AI will “expand [government] agencies’ capacity to regulate, govern, and disburse benefits, and … cut costs and enhance the security of government systems.” Borrowing from the Pledge of Allegiance, Biden’s order says AI can “advance civil rights, civil liberties, equity, and justice for all.”
I’m not an expert in most of these fields, and maybe AI will have impact in many of them. It seems, though, the author of Biden's executive order jotted down every topic that came to mind without any filtering.
This is history repeating itself. In the mid-20th century a Bell Labs genius, Claude Shannon, wrote a landmark paper that ushered in the digital age. Digital technology today is used for transmitting voice, video, and data over the internet, cellular networks and other communication mediums.
If you’ve received a perfect picture of you granddaughter when you have one bar and it’s raining outside, thank Claude Shannon. His work has more impact on our daily lives than Albert Einstein’s.

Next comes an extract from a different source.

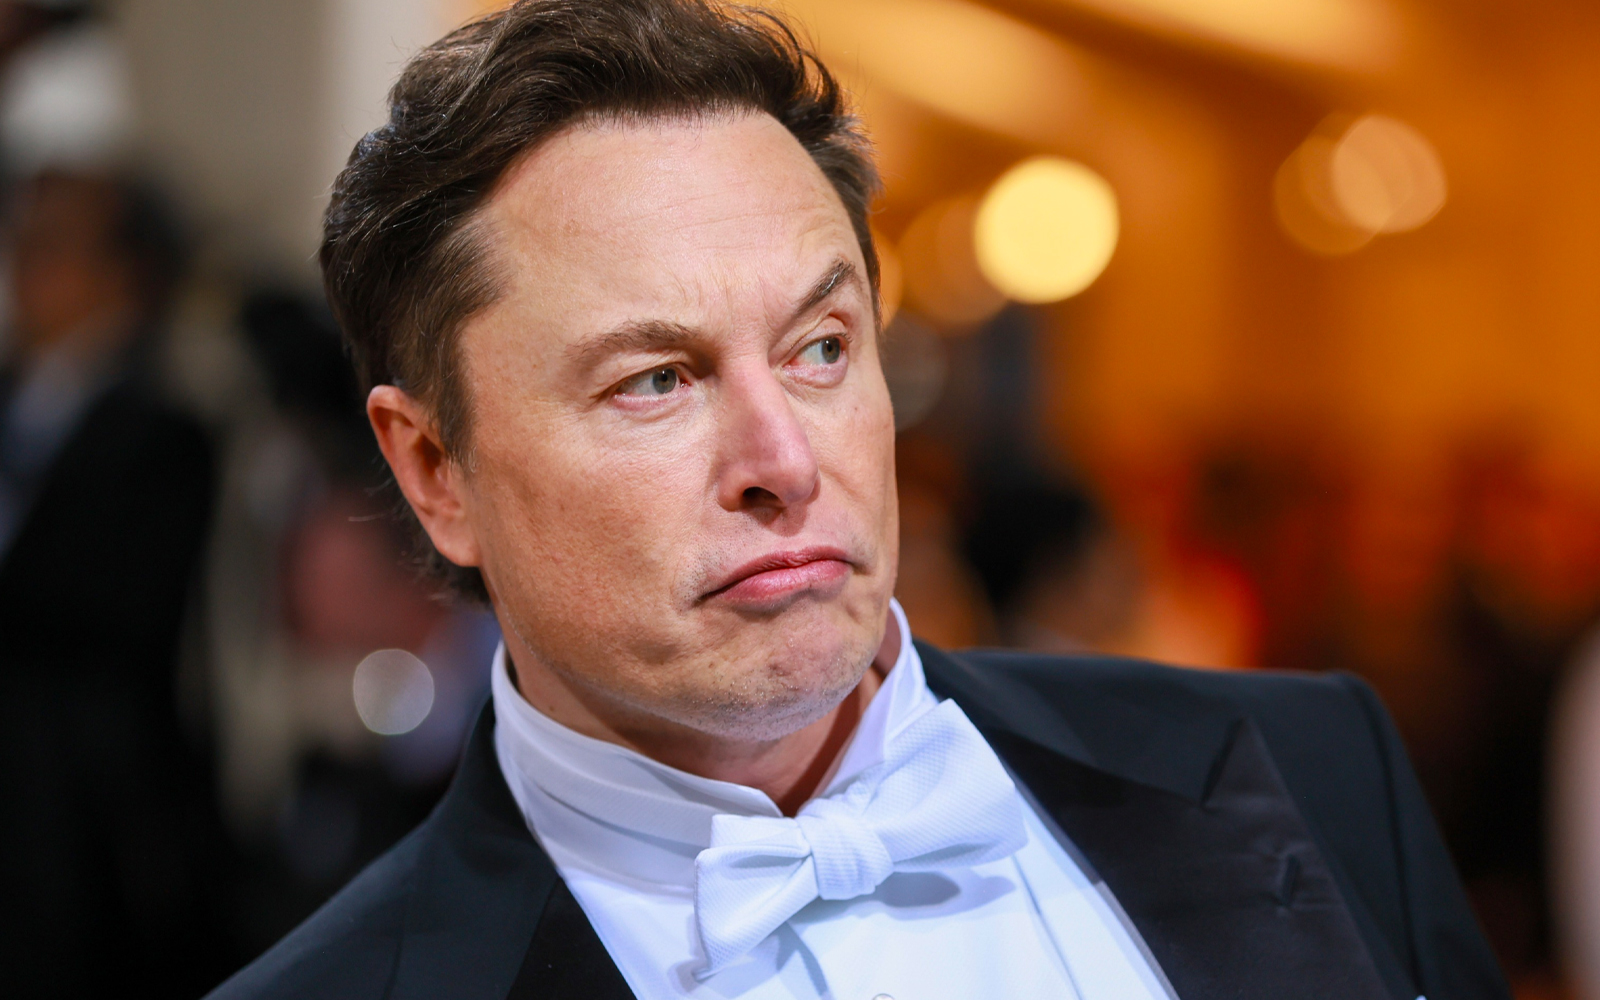 “ถ้าจะไปดาวอังคาร ต้องทำงานแบบไร้ความรู้สึก” บุคลิกของ Elon Musk ที่ทำให้เขาประสบความสำเร็จ

So remarkable was Shannon’s paper on information theory, that everyone tried to apply it to whatever they were doing. This troubled Shannon.

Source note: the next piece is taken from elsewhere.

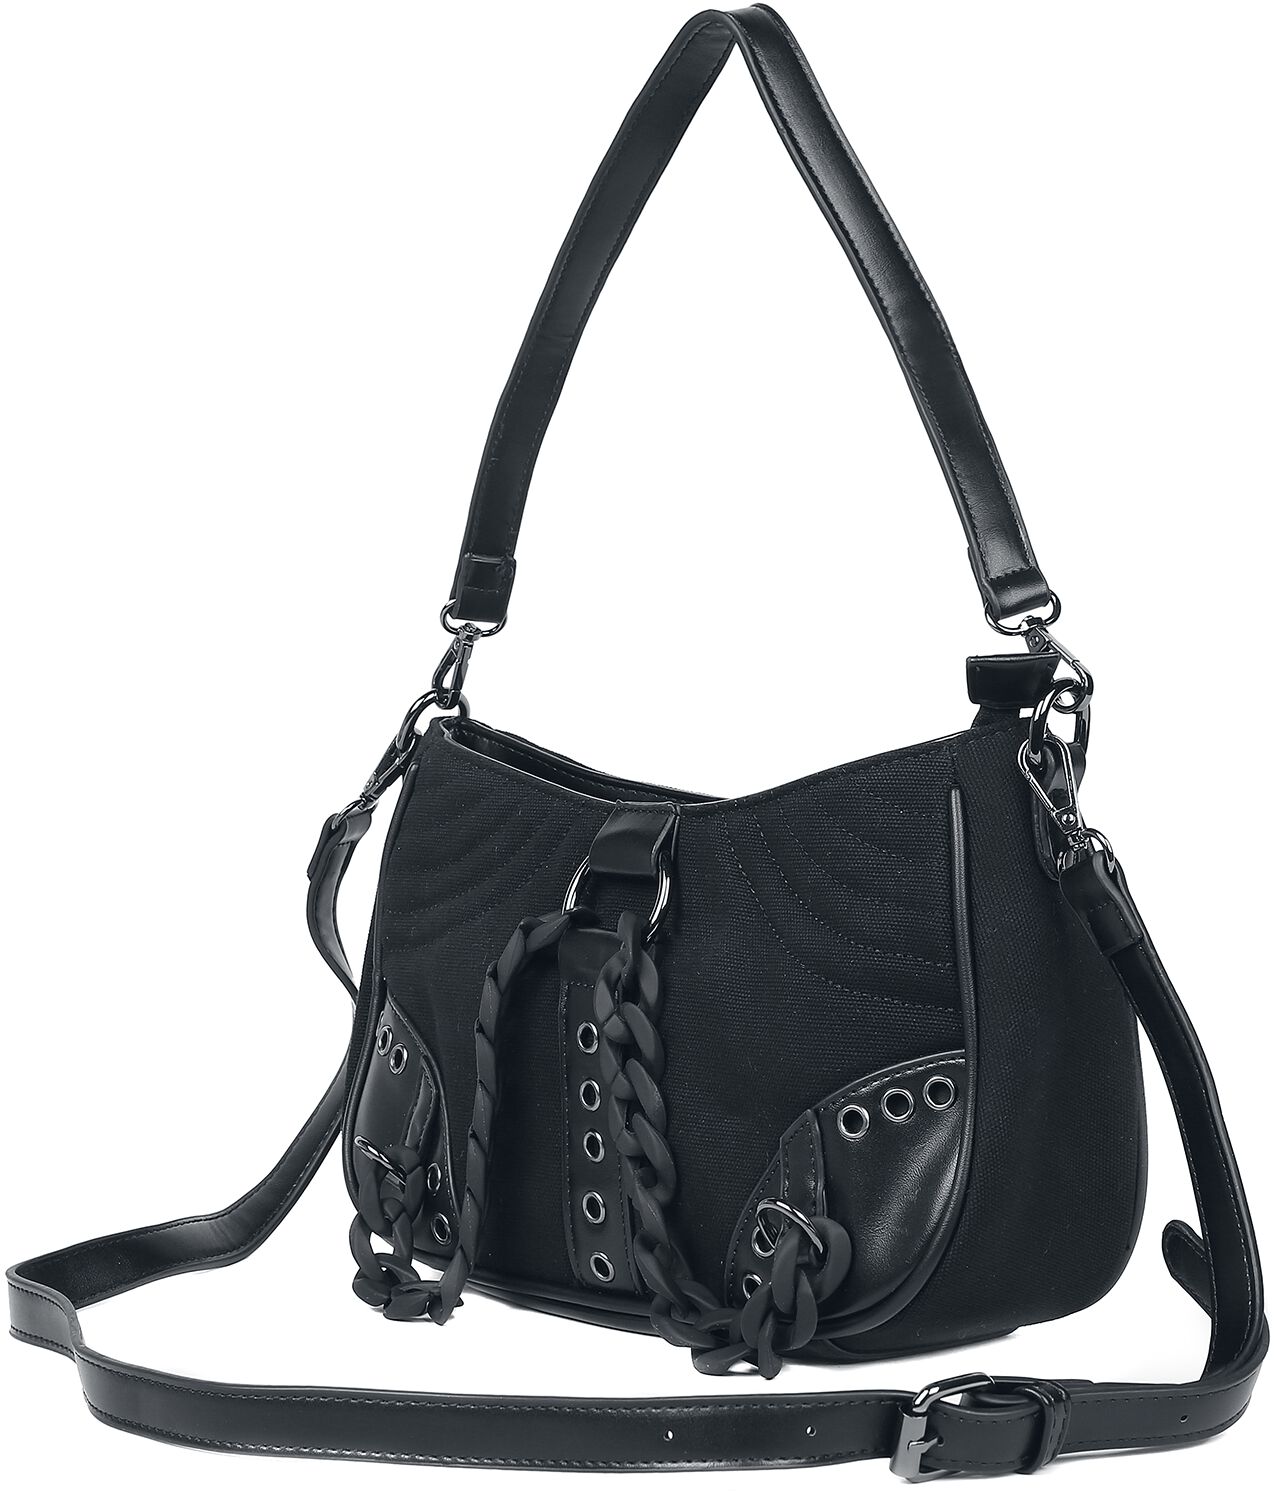 Banned Alternative - Gothic Handtasche - Earthworm - für Damen - schwarz

In a paper titled “The Bandwagon” he expressed his concerns that apply today to AI:
“Information theory has, in the last few years, become something of a scientific bandwagon. … [It] has received an extraordinary amount of publicity in the popular as well as the scientific press. … Although this wave of popularity is certainly pleasant and exciting for those of us working in the field, it carries at the same time an element of danger… It will be all too easy for our somewhat artificial prosperity to collapse overnight when it is realized that the use of a few exciting words like information [theory] do not solve all our problems.”
Nowhere is the troubled AI Bandwagon more evident than Biden’s executive order. To paraphrase Shannon, “use of a few exciting words like artificial intelligence and machine learning do not solve all our problems.” Biden’s executive order radiates a contrary view.

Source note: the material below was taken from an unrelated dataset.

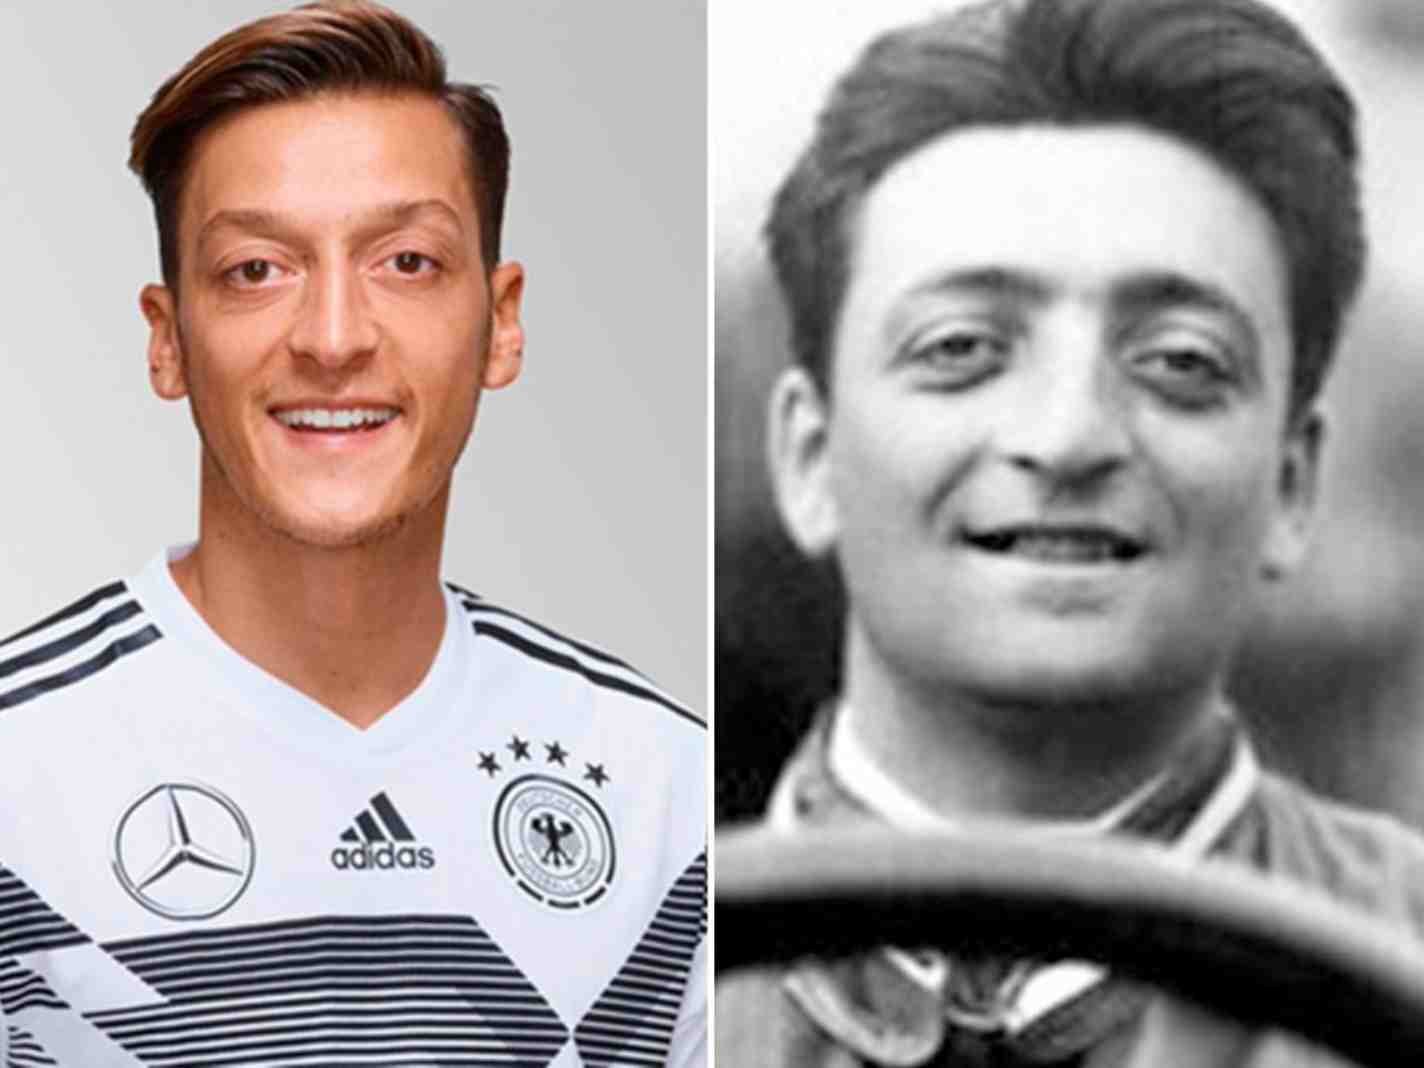 Özil is the reincarnation of Ferrari Enzo : r/Gunners

AI remains an exciting, often mind-blowing technology, but hyped futuristic depictions of AI in The Terminator and The Matrix are unrealizable science fiction. Unlike humans, AI will never understand what it is doing, be creative or experience qualia. AI is a tool. Like electricity or thermonuclear energy, it can be used for either good or evil.
Many AI evils, though, are not new nor constrained to AI.
Securing systems against hacking is of paramount importance. However, cybersecurity has long been a challenge that demands ongoing vigilance. The back-and-forth volleys between system protectors and hackers continues as an arms race.
An unexpected AI outcome can be dangerous. Early large language models (LLMs) slandered the innocent and offered vile advice to the young.
A lot of this has been fixed in the LLM ChatGPT. But the number of possible outcomes increases exponentially as system complexity increases linearly. Many LLM outcomes can be unwanted and even harmful.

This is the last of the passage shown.